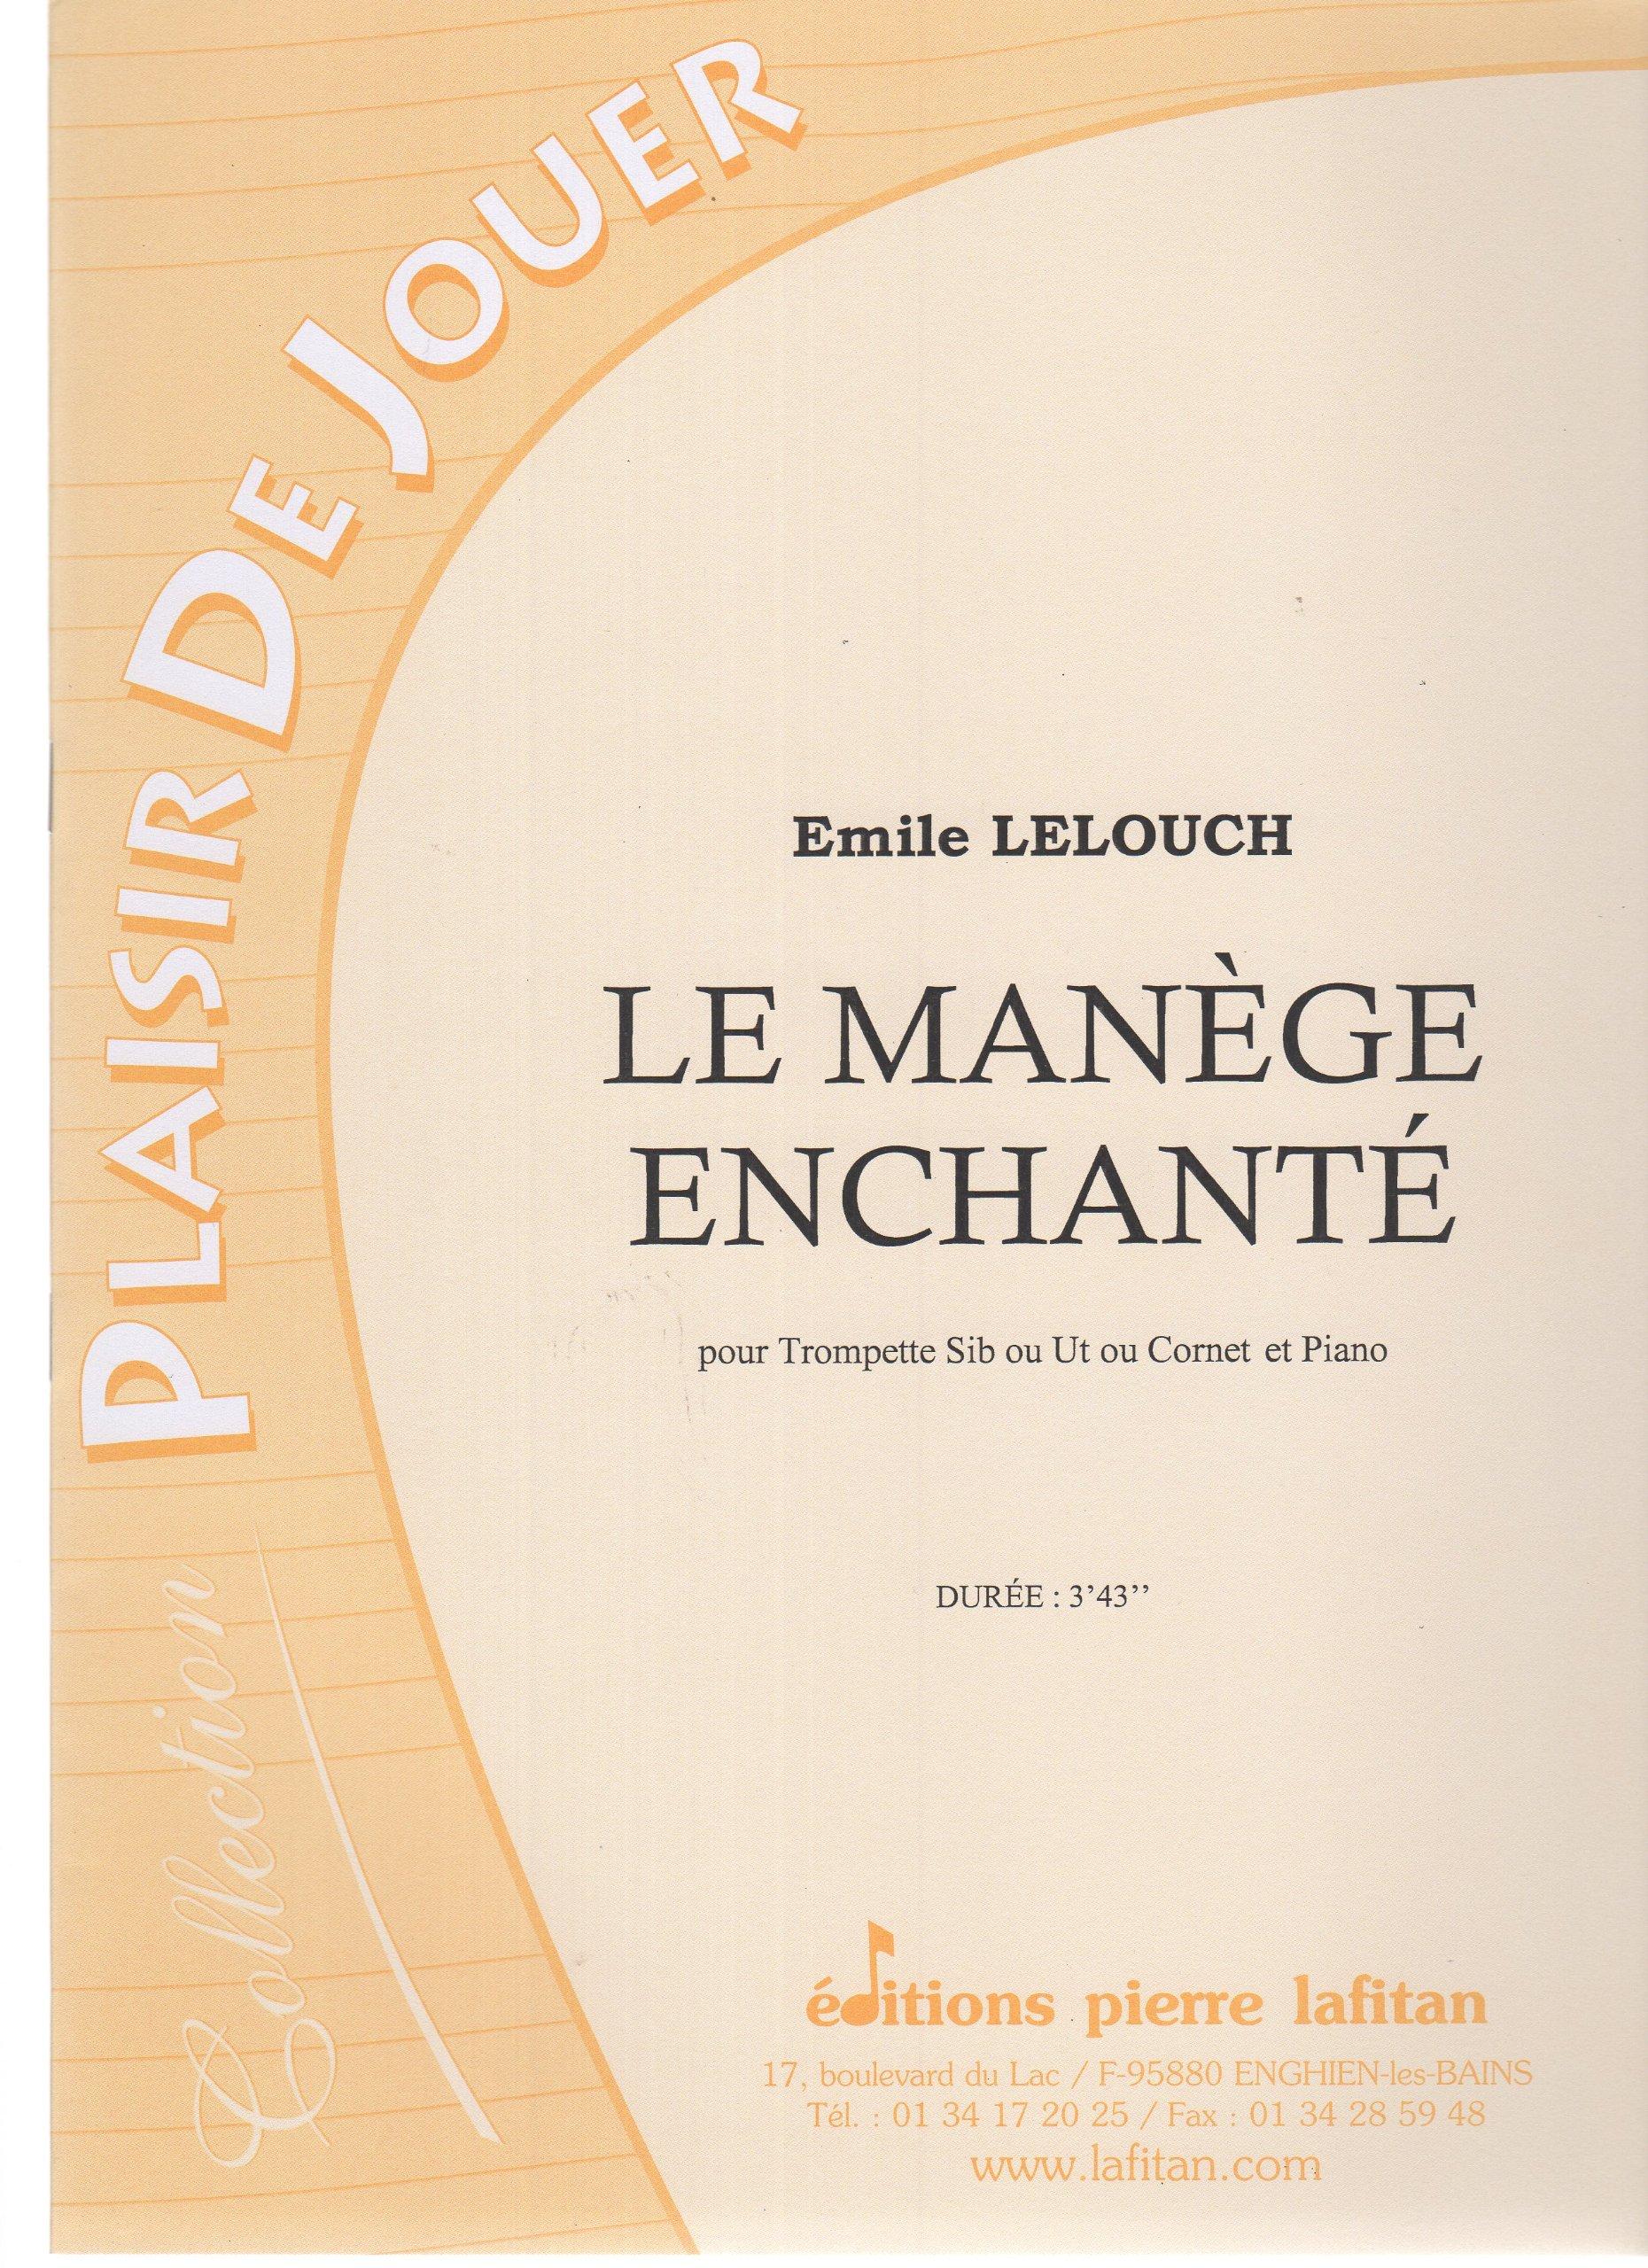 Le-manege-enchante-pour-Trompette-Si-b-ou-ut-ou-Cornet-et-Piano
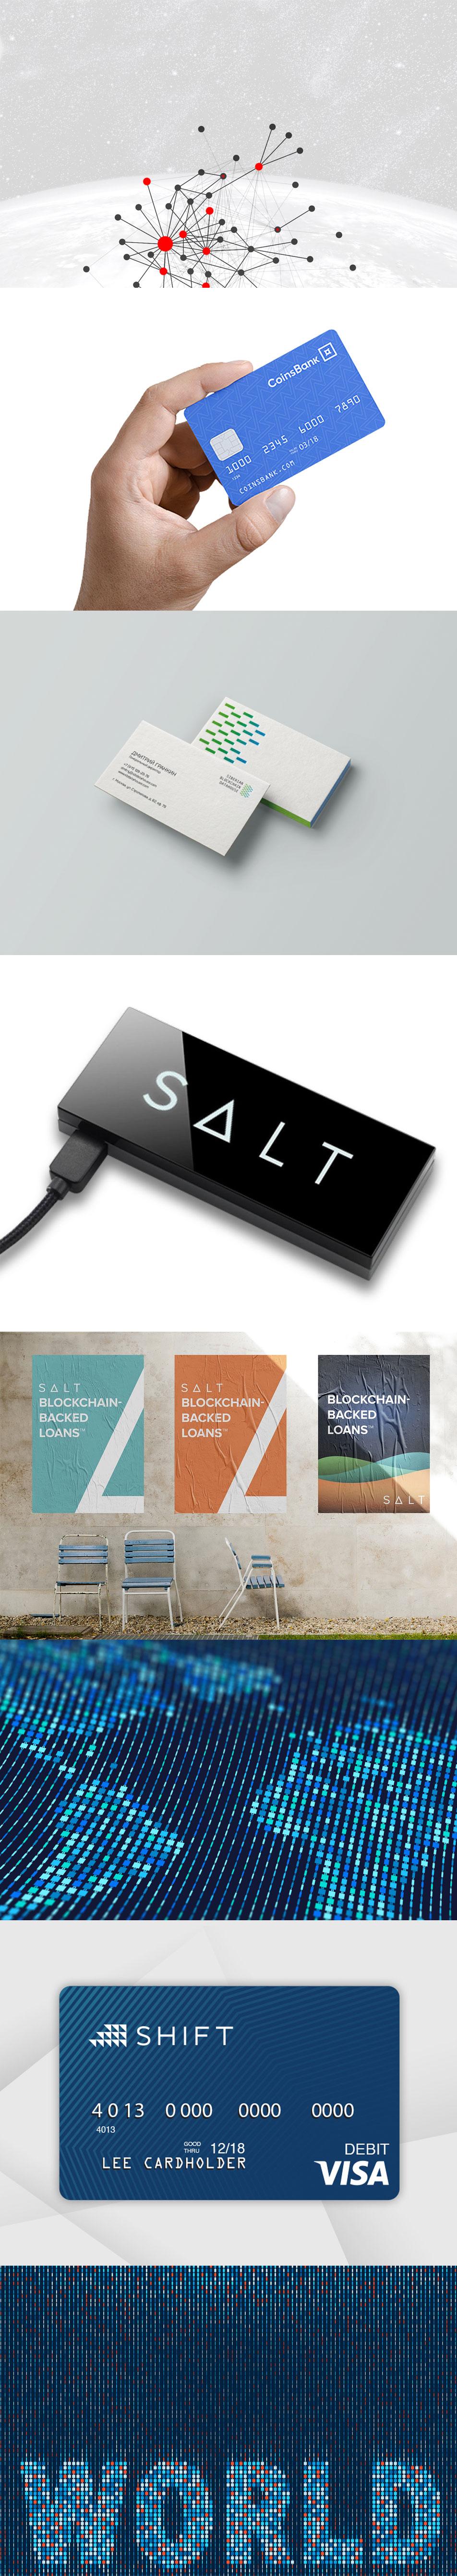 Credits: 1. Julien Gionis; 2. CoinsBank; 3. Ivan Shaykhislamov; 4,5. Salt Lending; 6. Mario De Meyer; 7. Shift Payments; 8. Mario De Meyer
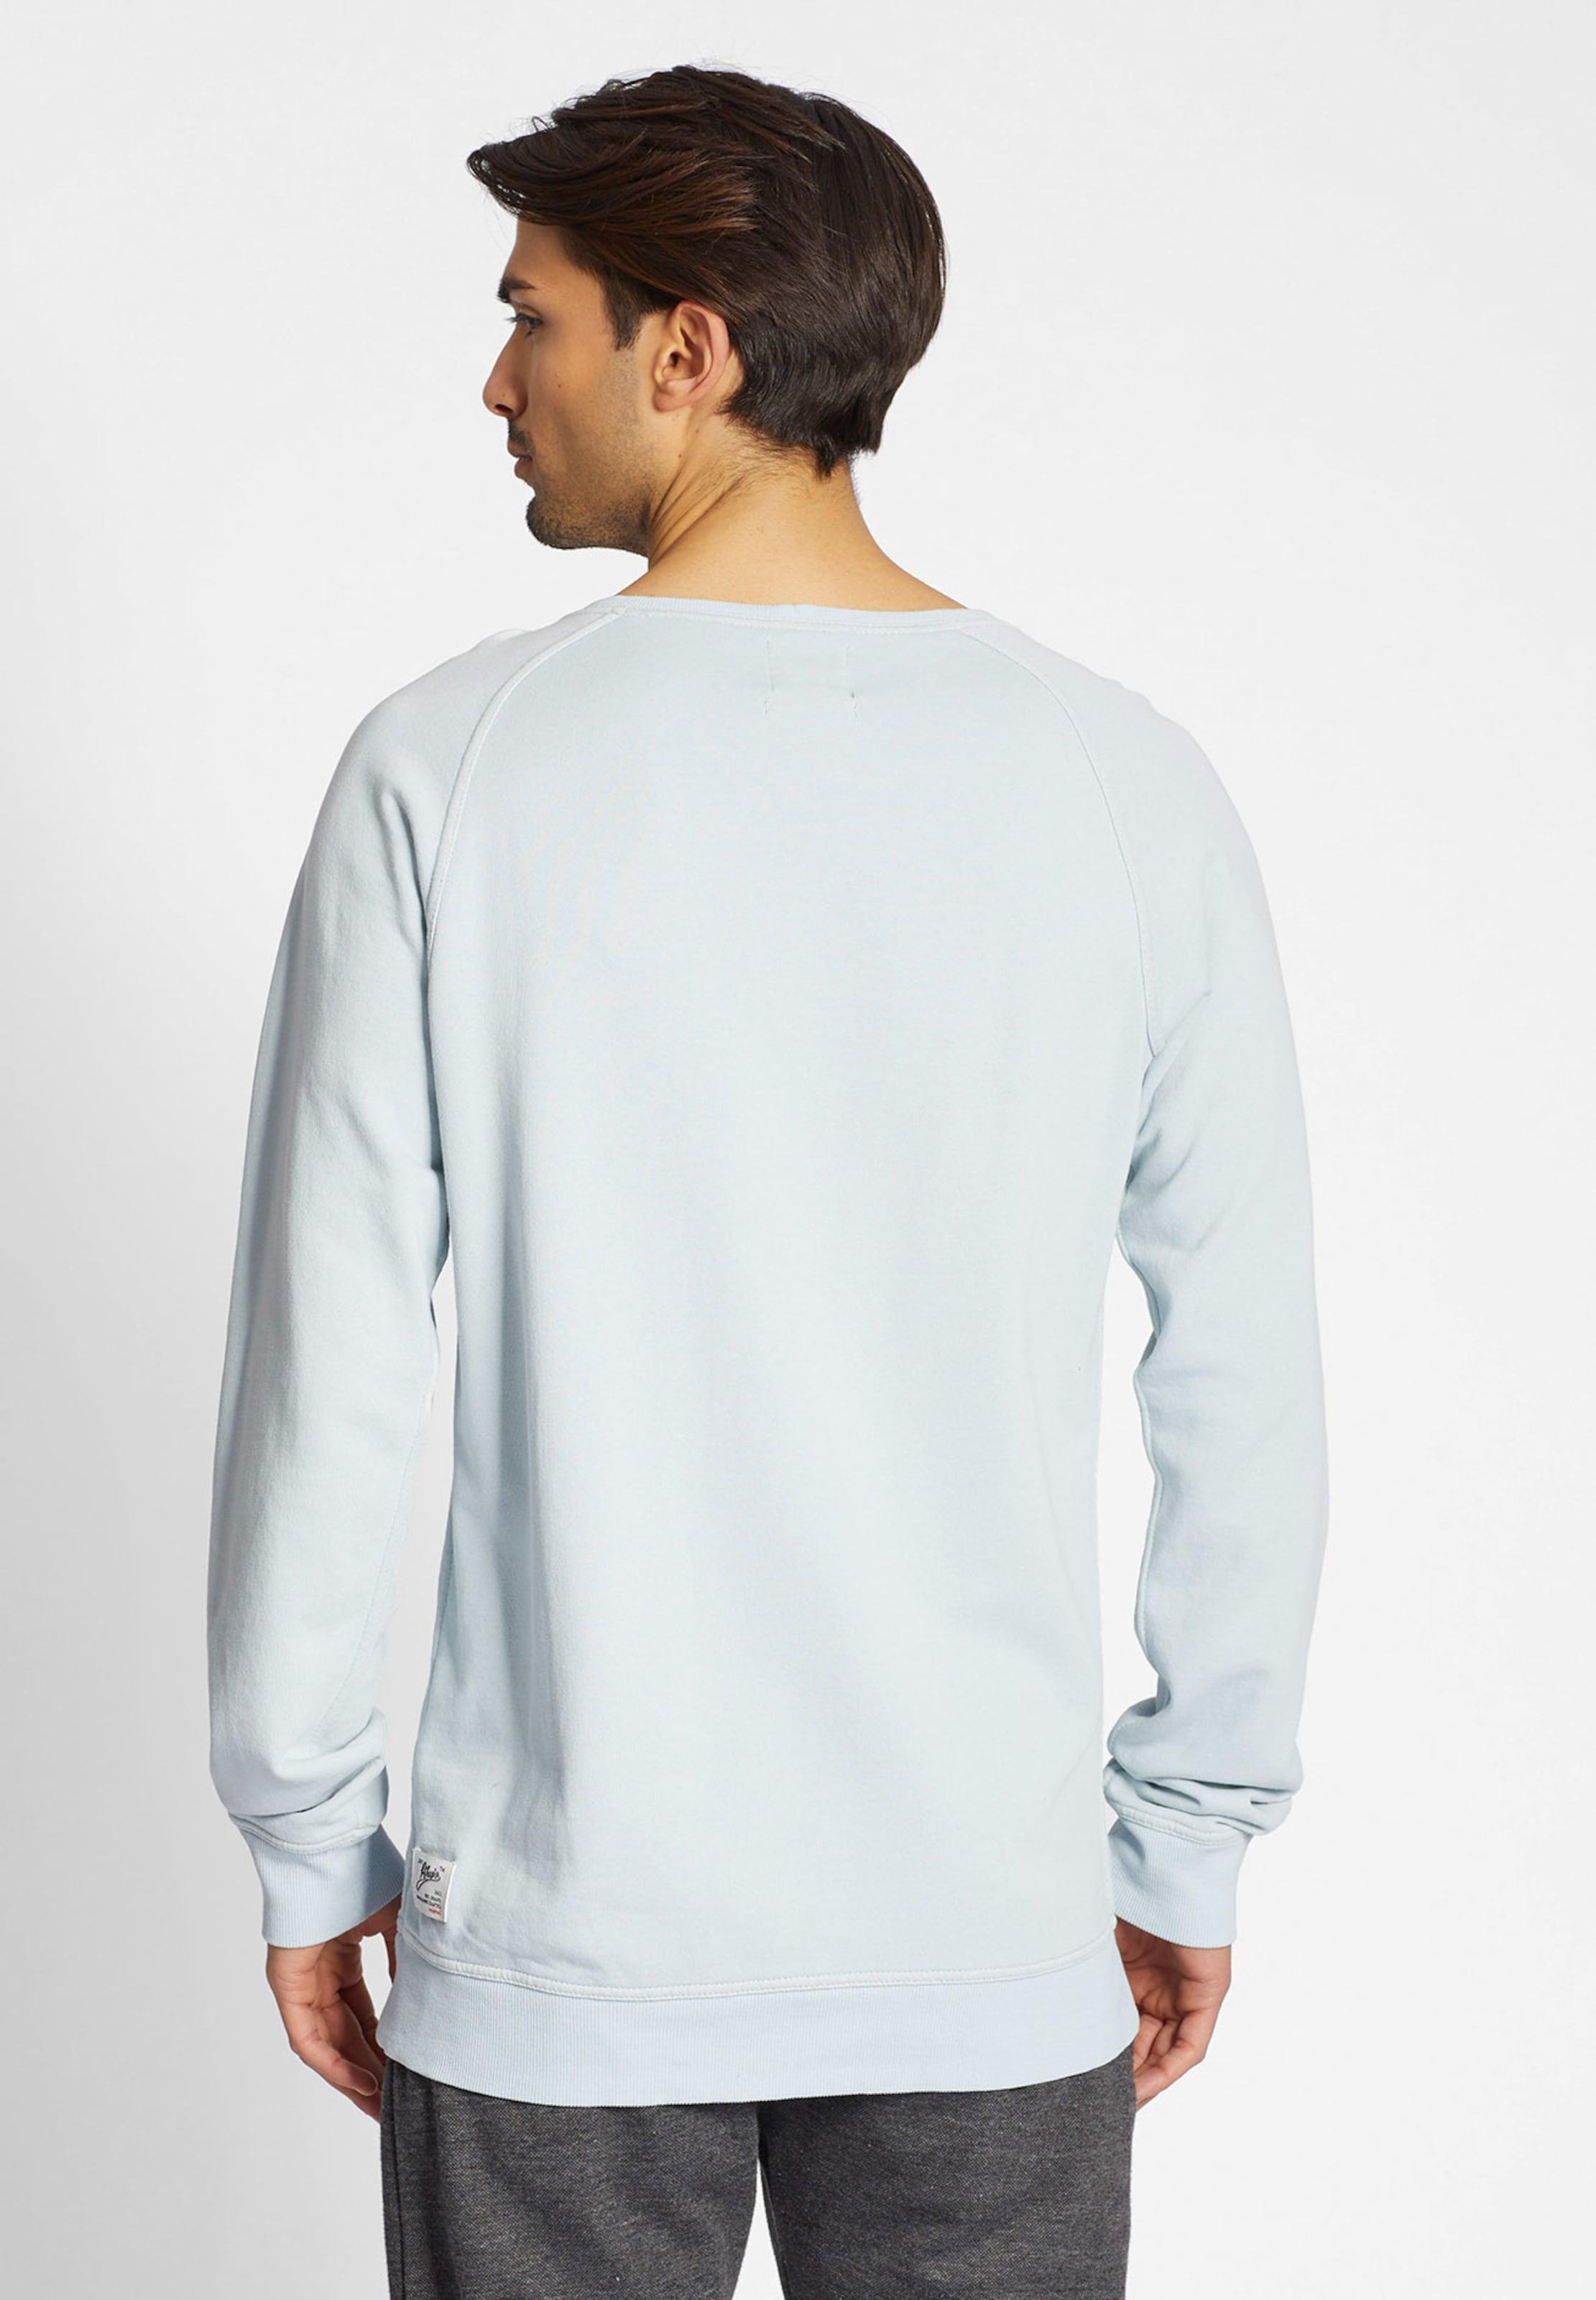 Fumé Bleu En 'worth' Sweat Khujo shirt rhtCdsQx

**Your instructions**
Return the full material word for word. Do not include the pictures.

**Exercise result**
 Le-manege-enchante-pour-Trompette-Si-b-ou-ut-ou-Cornet-et-Piano
 Credits: 1. Julien Gionis; 2. CoinsBank; 3. Ivan Shaykhislamov; 4,5. Salt Lending; 6. Mario De Meyer; 7. Shift Payments; 8. Mario De Meyer
 Fumé Bleu En 'worth' Sweat Khujo shirt rhtCdsQx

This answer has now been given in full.